▶ **About this exercise**
Nothing outside the range is wanted. Repeat exactly the lines below from the one with "Rock critic-author Ben" through the one with "Melody Elephant Patio".

▶ **Dataset content**
────────────────────

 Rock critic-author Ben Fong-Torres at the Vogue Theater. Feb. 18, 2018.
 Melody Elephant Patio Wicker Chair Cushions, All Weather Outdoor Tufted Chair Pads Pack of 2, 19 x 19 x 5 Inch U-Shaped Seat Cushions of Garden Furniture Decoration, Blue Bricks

────────────────────

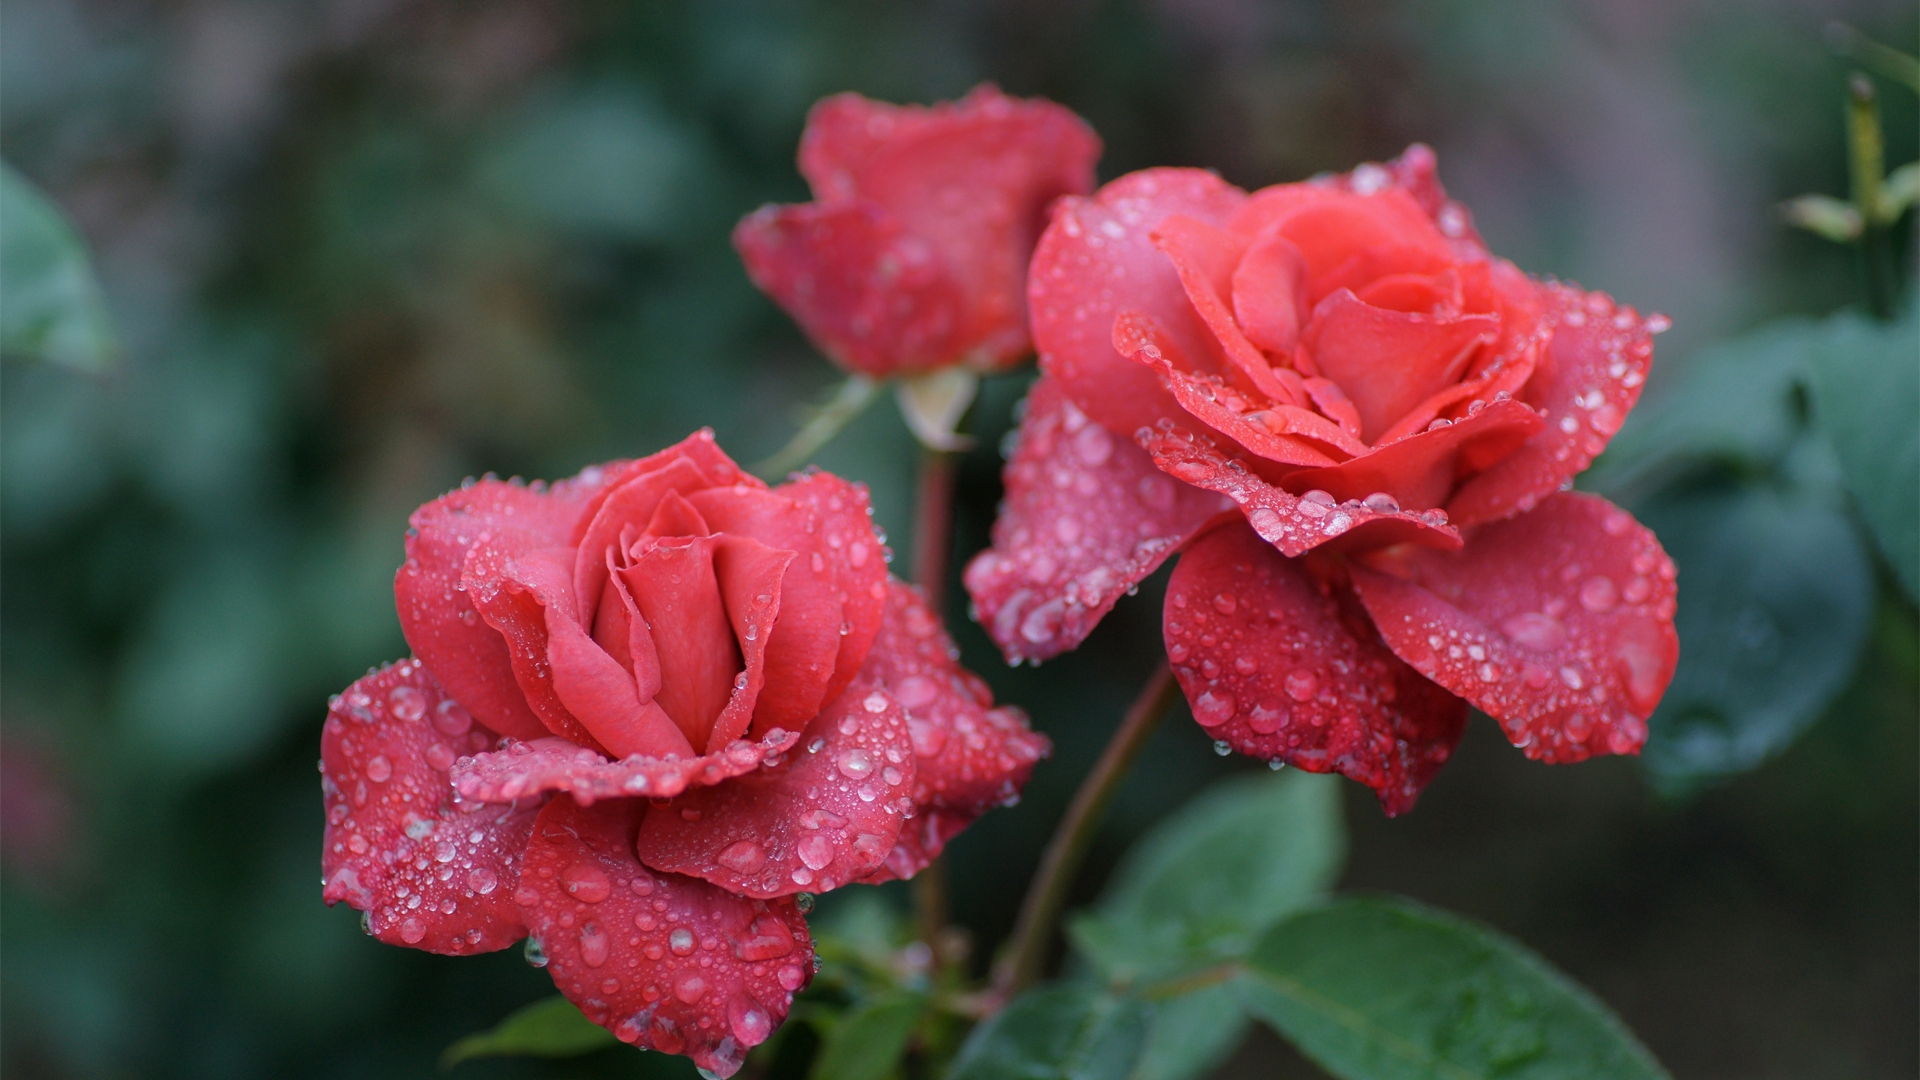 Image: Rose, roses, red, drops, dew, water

────────────────────

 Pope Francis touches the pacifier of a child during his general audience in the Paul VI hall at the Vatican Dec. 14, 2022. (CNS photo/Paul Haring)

────────────────────

▶ **Expected answer**
 Rock critic-author Ben Fong-Torres at the Vogue Theater. Feb. 18, 2018.
 Melody Elephant Patio Wicker Chair Cushions, All Weather Outdoor Tufted Chair Pads Pack of 2, 19 x 19 x 5 Inch U-Shaped Seat Cushions of Garden Furniture Decoration, Blue Bricks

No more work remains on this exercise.